Berlin's public digital infrastructure has a clutter problem. Across more than two dozen municipal agencies and the city's central media repositories, thousands of duplicate image files have piled up over the past decade — the same photograph of the Brandenburg Gate stored under seven different filenames, the same portrait of a district mayor duplicated across three separate content management systems. The immediate trigger for renewed attention is a 2026 audit by the Senatsverwaltung für Inneres und Digitales, which found redundant assets accounting for a significant share of wasted server capacity in city-operated data centres.
The issue matters now because Berlin is in the middle of a €240 million digital modernisation push — the Digitalisierungsstrategie Berlin — that the SPD-led Senate coalition has tied to visible improvements in resident-facing services before the next state election cycle. Duplicated image files are not glamorous, but they sit at the heart of a deeper structural failure: city departments built their own siloed digital workflows for years, buying separate licences, maintaining separate archives, and never agreeing on a shared file-naming standard. Every silo added another copy of the same asset.
How the Pile-Up Happened
The roots go back to roughly 2010, when Berlin's Bezirke — the twelve districts including Mitte, Friedrichshain-Kreuzberg and Tempelhof-Schöneberg — each accelerated their own web presences without coordination from the centre. The city's central content portal, berlin.de, ran on different infrastructure from district sites. The Berliner Senatskanzlei used one image management tool; the BVG, the public transport operator, maintained its own press archive; the Berlin Senate Department for Urban Development kept a separate repository of planning and construction photography. When a single press photo of a new tram line on the Invalidenstraße was published, it routinely ended up saved independently by four or five different communications offices.
The problem deepened after 2015, when the influx of new residents — Berlin's population crossed 3.7 million around that period — drove a surge in public information campaigns about housing, integration services and transport. The Turkish-German community organisations in Neukölln and Wedding, partly funded through Senate programs, were among the many bodies producing multilingual digital content. Each campaign generated imagery. Almost none of it was catalogued against a master registry.

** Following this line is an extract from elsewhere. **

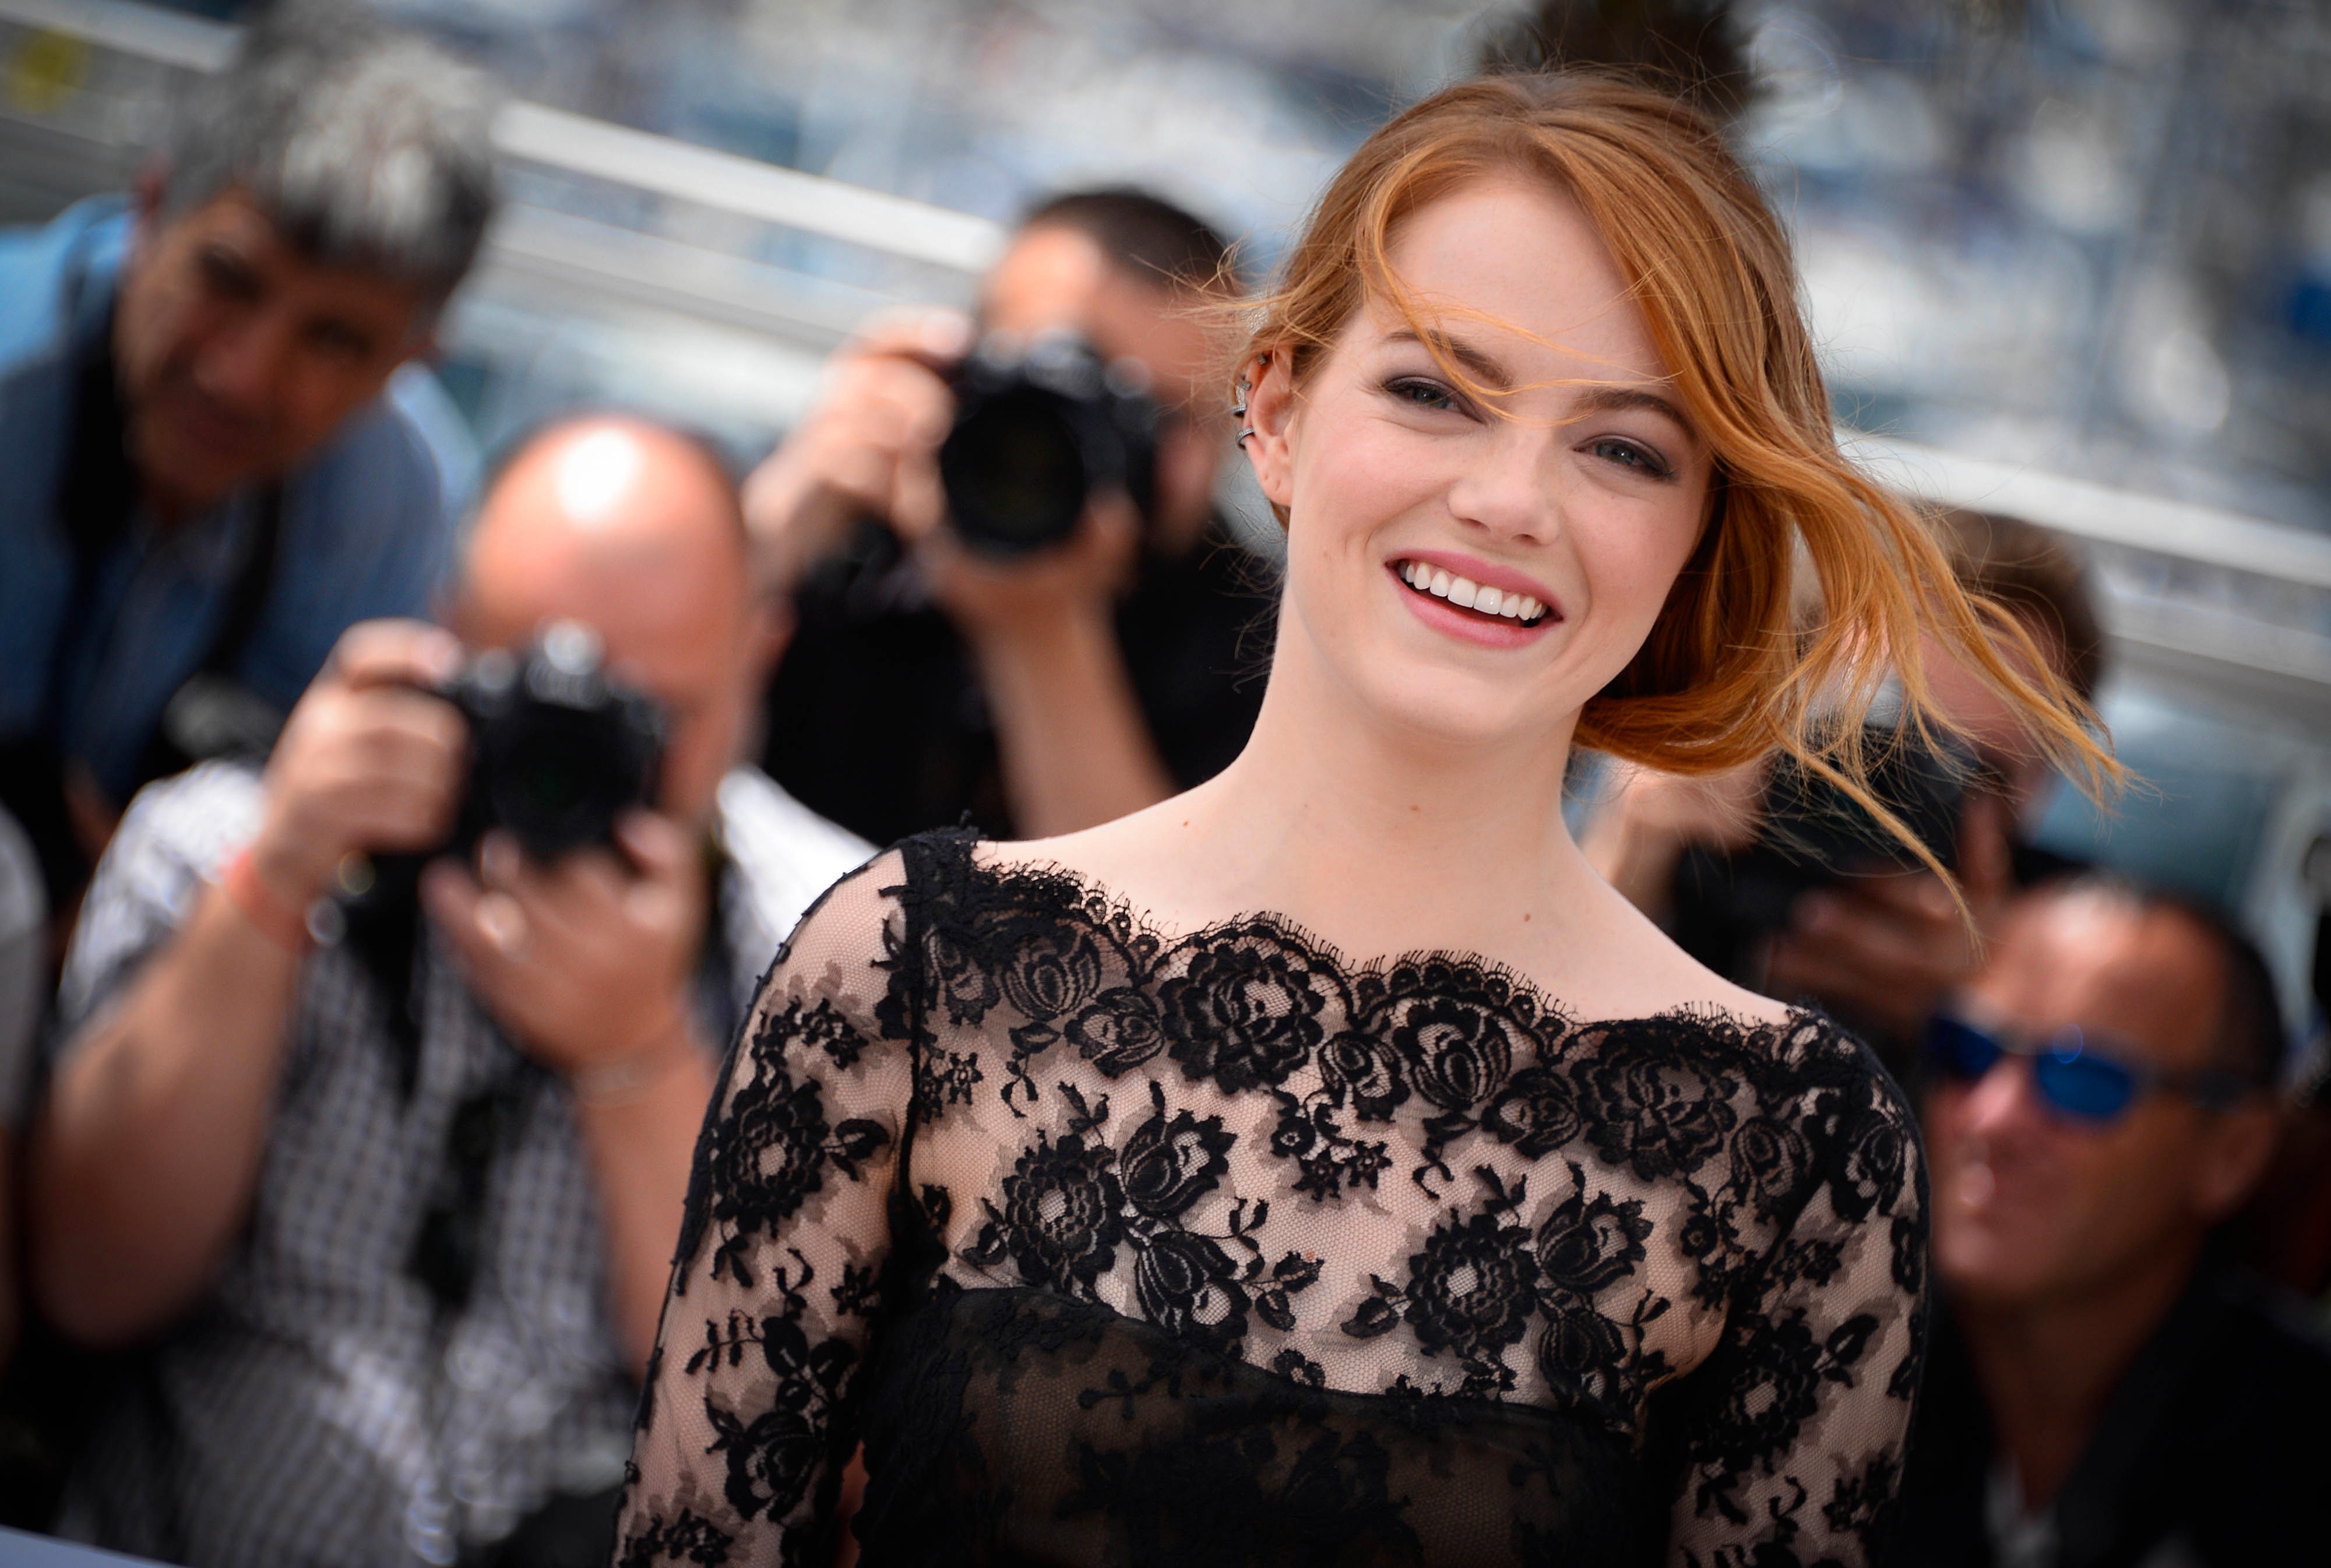 american, celebrity, emma stone, actress, redhead, smile High Definition image

The Zentrales IT-Dienstleistungszentrum Berlin, known as ITDZ Berlin, which manages the city's core technical infrastructure, flagged the duplication issue in an internal report as early as 2019. No coordinated remediation followed. Budget cycles, departmental turf, and the disruption of the pandemic all pushed the fix down the priority list. By 2023, estimates cited in procurement documents suggested the city was maintaining upward of 180 terabytes of image and media data, with duplication rates in some departmental archives running above 30 percent.

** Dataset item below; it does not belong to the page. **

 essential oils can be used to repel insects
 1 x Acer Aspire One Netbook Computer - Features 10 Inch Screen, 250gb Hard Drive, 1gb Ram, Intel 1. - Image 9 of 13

What a Fix Looks Like — and Who Pays
The Senatsverwaltung für Inneres und Digitales is now piloting a deduplication and asset management system across three departments, with the Stadtentwicklungsbehörde and the communications office of the Bezirksamt Mitte among the first to run structured audits. The pilot, launched in spring 2026, uses hash-based matching — software that generates a unique fingerprint for every file — to identify true duplicates regardless of filename. Early results from the Mitte pilot, covering roughly 40,000 archived images dating to 2008, reportedly flagged more than 11,000 files as exact or near-exact duplicates.
The longer-term plan calls for migrating all participating agencies onto a shared Digital Asset Management platform by the end of 2027, with ITDZ Berlin acting as the central host. Cost estimates for the full rollout have not been published, but the pilot phase sits within the Digitalisierungsstrategie budget envelope.

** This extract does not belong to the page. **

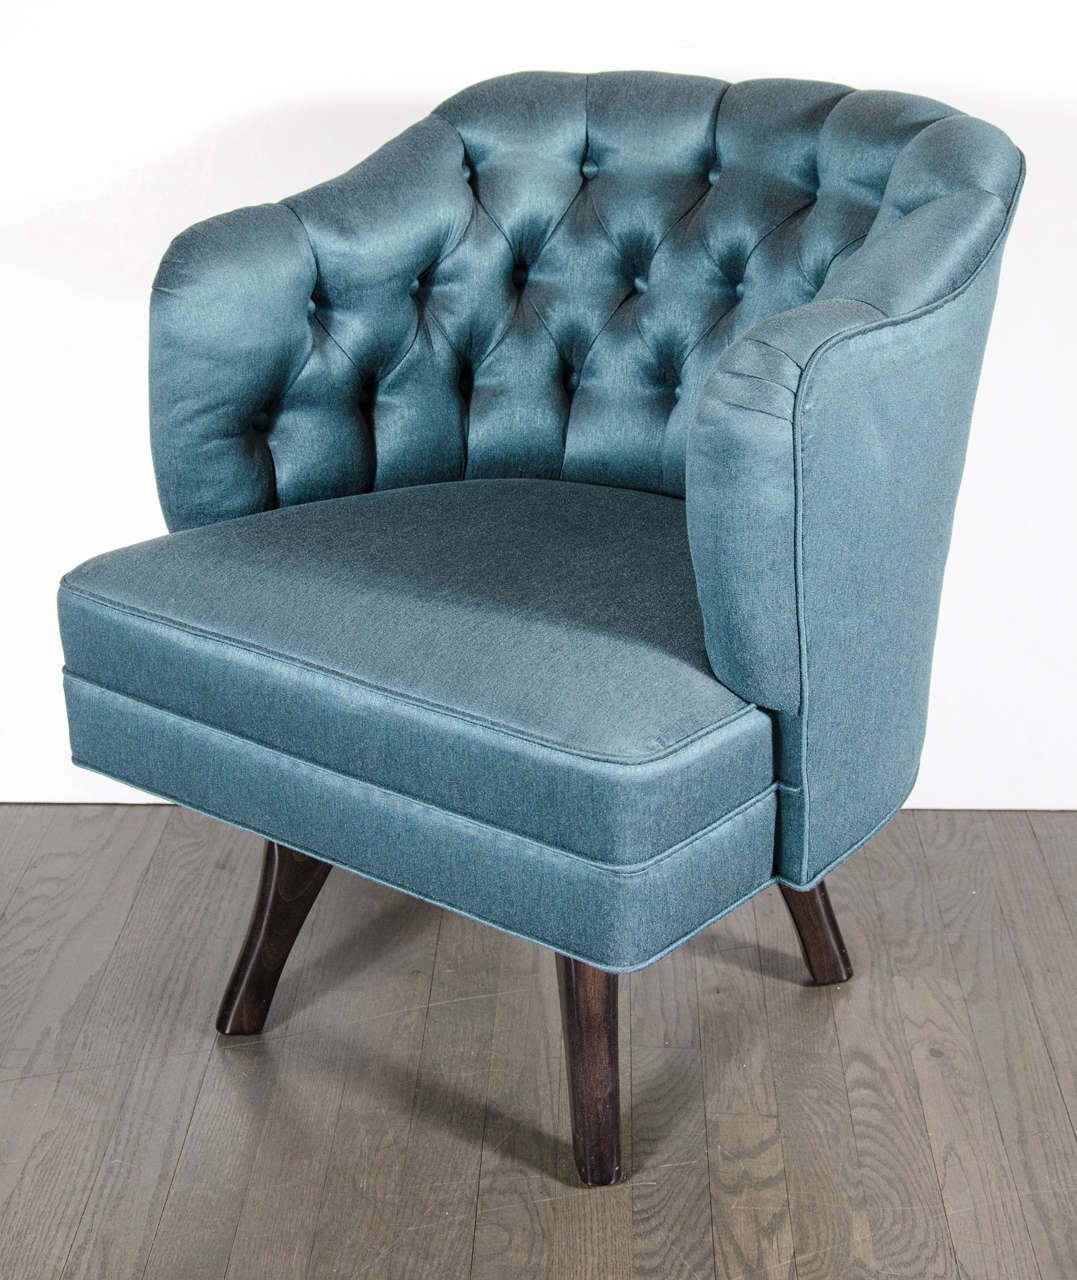 This gorgeous pair of Mid-Century Modernist swivel chairs consist of a fully upholstered seat with deep button detailing on the back, splayed taper legs in ebonized walnut and new teal sharkskin upholstery. Restored to mint condition.

For Berliners, the practical upshot is modest but real. Faster-loading district websites, cheaper storage bills for a city already stretched on housing and transport spending, and — eventually — a single place where journalists, architects, and planners can request official photographs without emailing five different press offices. The Prenzlauer Berg district office spent most of June 2026 manually cross-checking its image archive. That kind of human labour, multiplied across twelve Bezirke, is what the city is trying to stop spending money on.